La lavoratrice, posta in cassa integrazione per diversi anni, ha presentato un ricorso nei confronti del proprio ex  datore di lavoro, lamentando la illegittimità della cassa integrazione disposta e chiedendo in primis il riconoscimento delle differenze retributive rispetto al trattamento di cassa percepito ed in secundis il risarcimento del danno patrimoniale e non patrimoniale ( danno biologico, danno morale e danno esistenziale). Il Tribunale adito ha rilevato la illegittimità della Cassa integrazione disposta dalla società datoriale ed ha rigettato tutte le domande risarcitorie. La Corte di Appello ha rigettato l'appello principale della società ed ha accolto parzialmente l'appello incidentale della lavoratrice condannando la società a corrispondere alla lavoratrice in via equitativa una somma pari al 30% della retribuzione mensile netta percepita dalla lavoratrice a titolo di danno alla professionalità per tutto il periodo di illegittima sospensione in cassa integrazione.

La società ricorrente in Cassazione si duole della decisione della Corte di merito, in quanto da un lato i giudici avrebbero richiamato una giurisprudenza non calzante rispetto alla fattispecie poiché riferita alla diversa violazione dell'art. 2103 c.c. e dall'altro perché mancherebbe la prova del danno.

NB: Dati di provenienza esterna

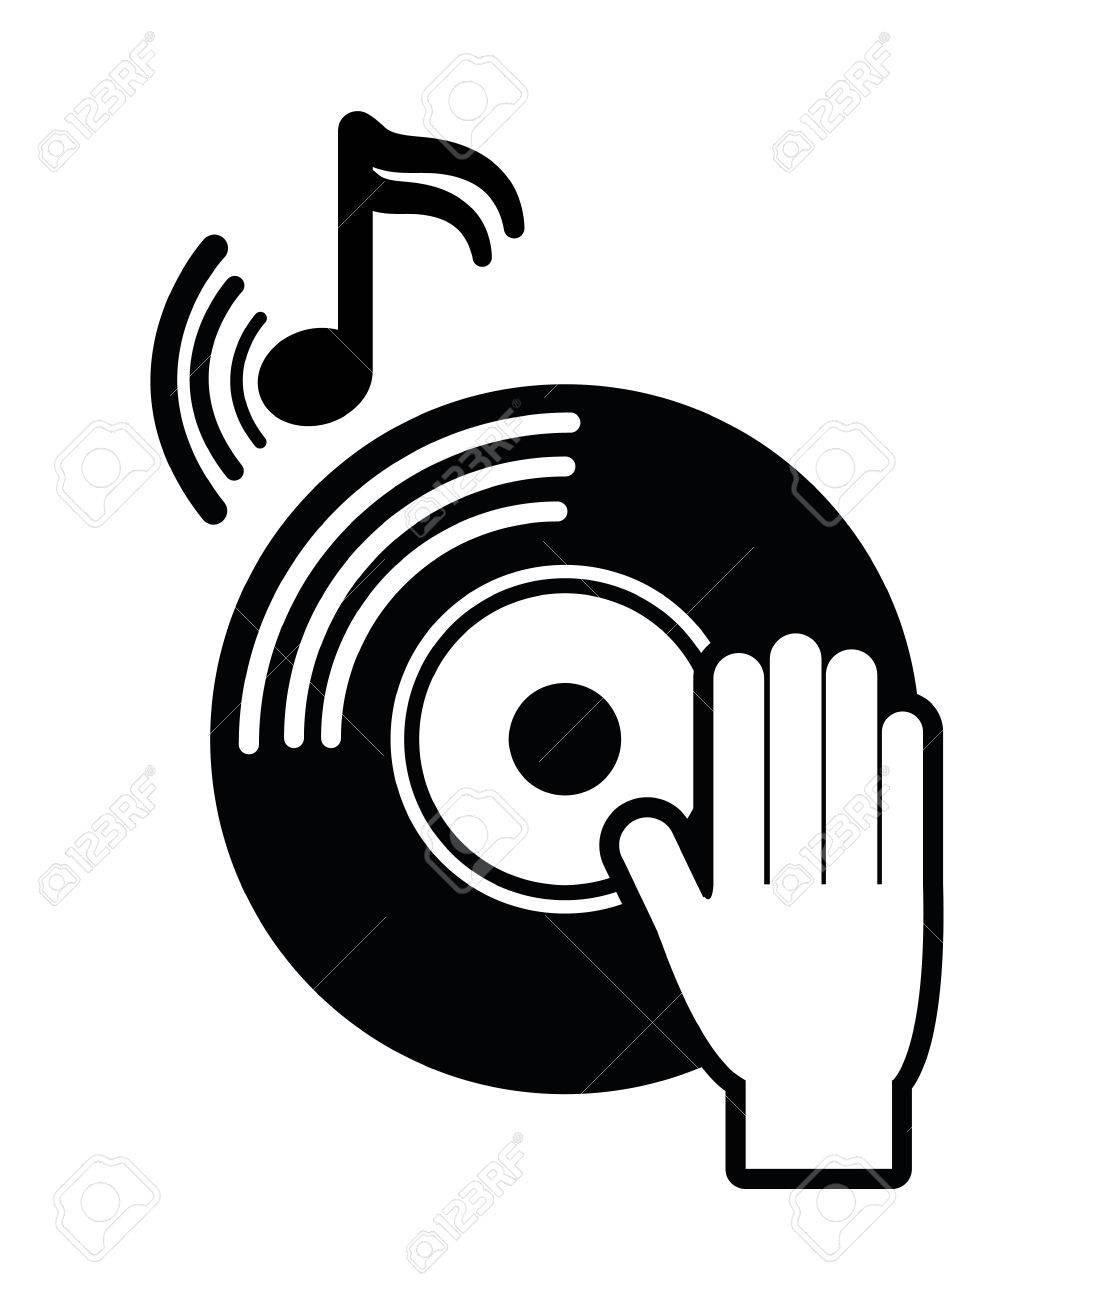 dj electronic music party graphic design vector illustration rh 123rf com dj victoria dj victor

La Corte di Cassazione ha confermato la sentenza della Corte di Appello di Bologna.

La questione

La questione centrale della sentenza attiene alla configurabilità di un danno patrimoniale alla professionalità nella ipotesi specifica di collocamento illegittimo di un lavoratore in cassa integrazione. In questo caso, infatti, il rapporto di lavoro viene sospeso e l'inadempimento, secondo la tesi del datore di lavoro, sarebbe già sanzionato con il riconoscimento delle differenze retributive tra il trattamento previdenziale percepito ed il compenso spettante a titolo retributivo. L'altro aspetto rilevante dalla vicenda è dato dalla prova del danno. Sul punto, come in tutte le ipotesi di danno patrimoniale o non patrimoniale, occorre comprendere come applicare i criteri della prova presuntiva: in questo caso la Cassazione ritiene decisiva ai fini della sussistenza della prova il lungo periodo di sospensione illegittima del rapporto di lavoro.

Le soluzioni giuridiche

La Cassazione ribadisce l'orientamento giurisprudenziale secondo cui il lavoratore che viene collocato in maniera illegittima in cassa integrazione ha diritto al risarcimento del danno professionale. Secondo la Cassazione, il danno da inattività per collocazione in cassa integrazione non è differente da quello relativo all'inattività discendente dalla violazione dell'art. 2103 c.c. per svuotamento di mansioni o altri illeciti simili. Infatti, la responsabilità del datore di lavoro che lasci inattivo il lavoratore in violazione di disposizioni di legge o contrattuali (relative alla sospensione per cassa integrazione o alla normativa in tema di corretta assegnazione delle mansioni) risulta, in ogni caso, discendente dalla violazione di obblighi riconducibili a norme che integrano il contratto di lavoro e, dunque, configura sempre una forma di responsabilità di natura contrattuale .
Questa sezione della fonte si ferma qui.